Vladimir Ivanov, Department of Computer Science

Examination Committee: Professor Konstantinos Michmizos (Chair), Professor Casimir Kulikowski, Professor Thu Nguyen, Professor Eric Allender

Abstract

Recurrent networks are the most brain-like and, ironically, the most difficult to train learning models. In my talk, I will propose that there could be fundamental parts and design methods missing in current neuromorphic learning models, which prevents them from performing on par with biology.

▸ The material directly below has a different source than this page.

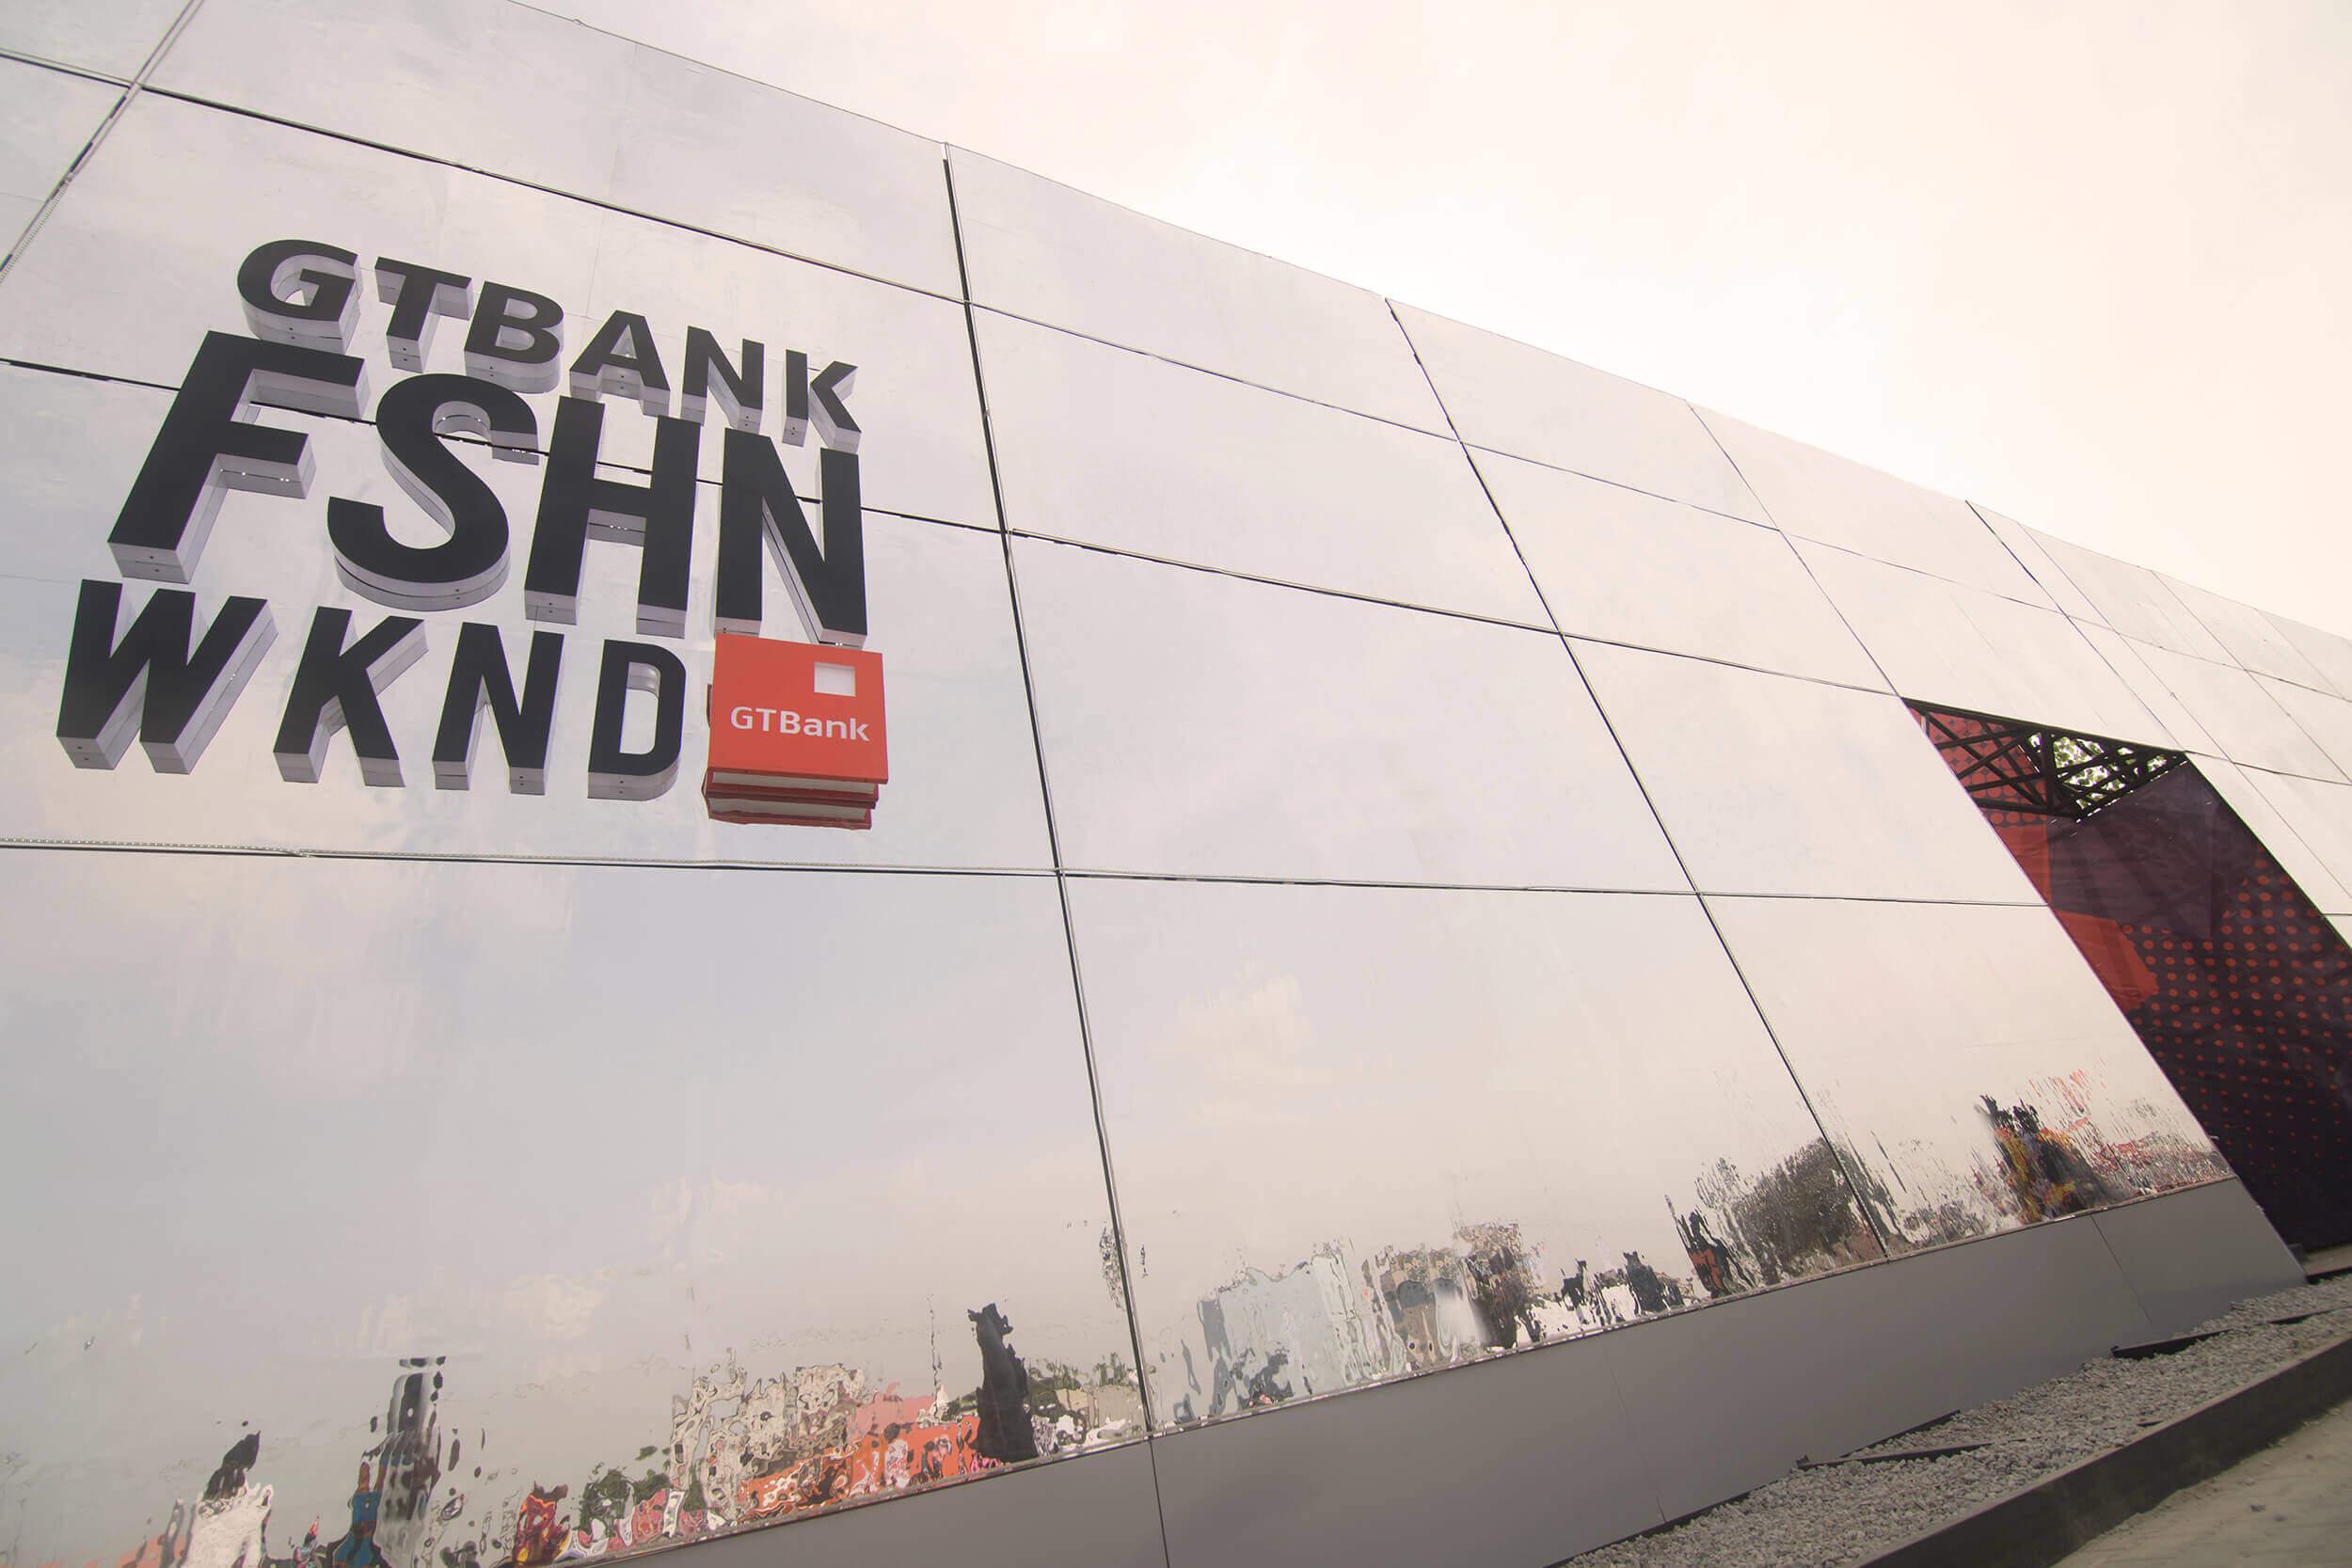 GTBANK-FSHN-WKND

I will give an overview of our rather heretic efforts to α) decipher the network-level principles of intelligence in a fundamentally new perspective that incorporates glial cells, the abundant yet long-neglected non-neuronal brain cells, and β) develop the next generation of less artificial, intrinsically intelligent, algorithms, that can be seamlessly integrated into newly developed neuromorphic hardware.

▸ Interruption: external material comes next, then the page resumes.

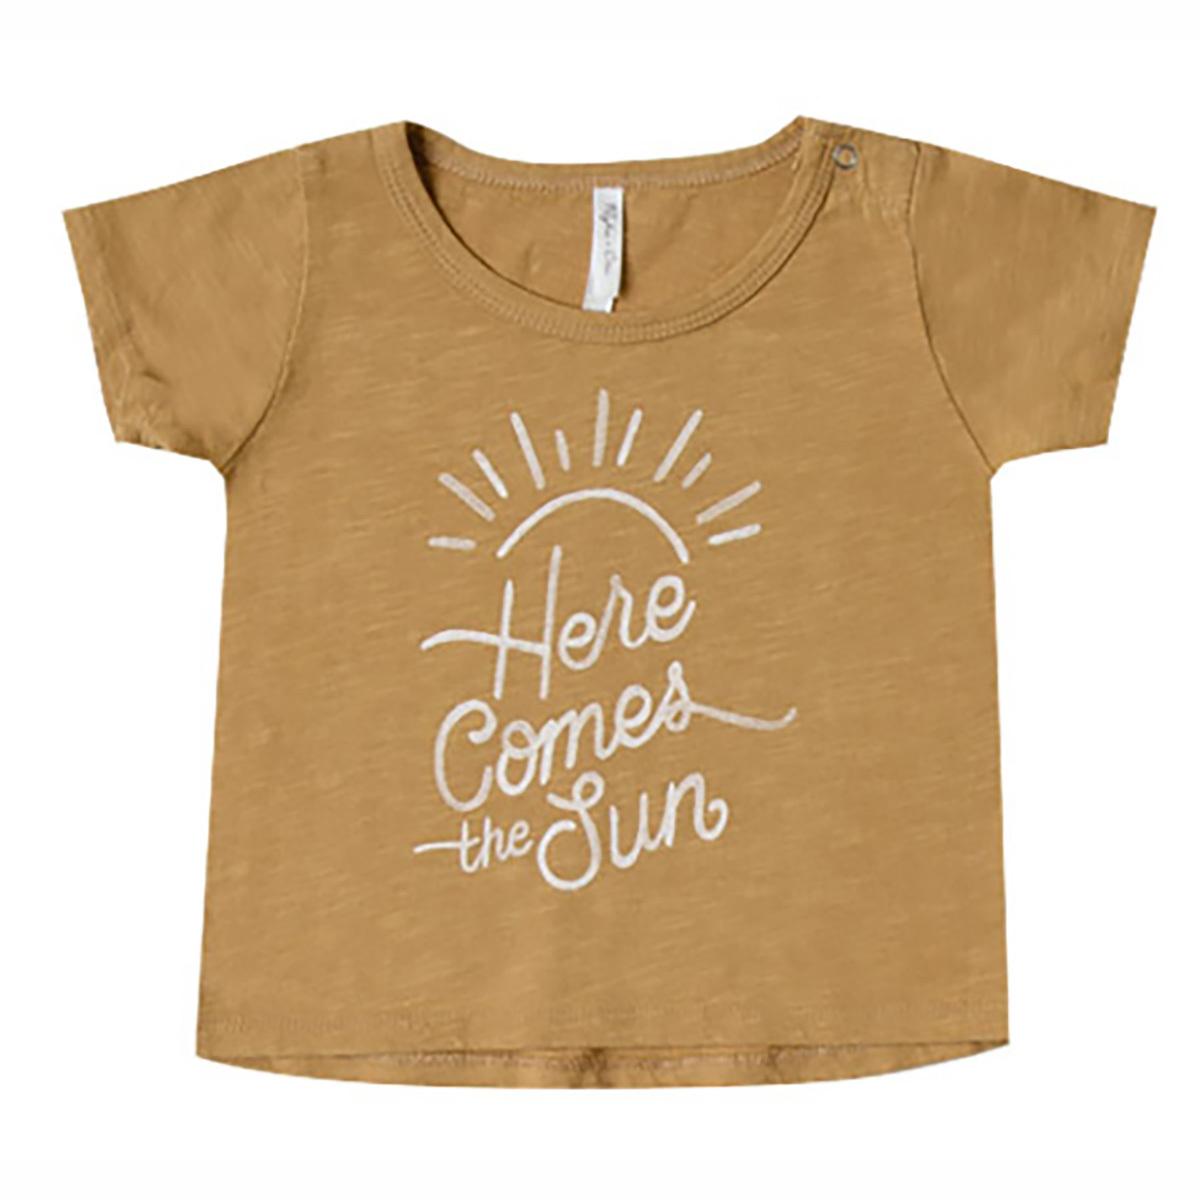 Haut bébé T-Shirt Here Come the Sun - Moutarde - 18/24 Mois T-Shirt Here Come the Sun - Moutarde - 18/24 Mois

  In the first part of my talk, I will present our computational exploration of a fascinating possibility that a single astrocytic cell is monitoring the computational performance of neuronal networks. Specifically, I will propose a biophysically constrained model of an astrocyte that exhibits homeostatic plasticity and learns to become receptive of chaotic dynamics in its synaptic space, emulated as a modified 2-Dimensional Ising model. I will further show how an astrocyte, using the frequency of its intracellular calcium activity, can impose criticality in recurrent biological networks and their artificial counterparts, both of which are complex nonlinear dynamical systems that maximize their computational capacity at the edge of chaos, where systems can balance robustness and versatility.
  In the second part of my talk, I will describe how we are translating our computational understanding of the role of the non-neuronal cells into recurrent neuronal networks. Specifically, I will describe how non-neuronal plasticity mechanisms can regulate an Izhikevich-type spiking neuronal network (SNN). I will further demonstrate that the distribution of network spike velocities significantly impacted the network’s oscillation frequency and synchronization, both of which are heavily linked to information processing and learning in the brain.
  I will conclude my presentation by describing our efforts to translate our findings into Intel’s Loihi, a neuromorphic research chip that is available in a handful of research sites in the world, including our Lab.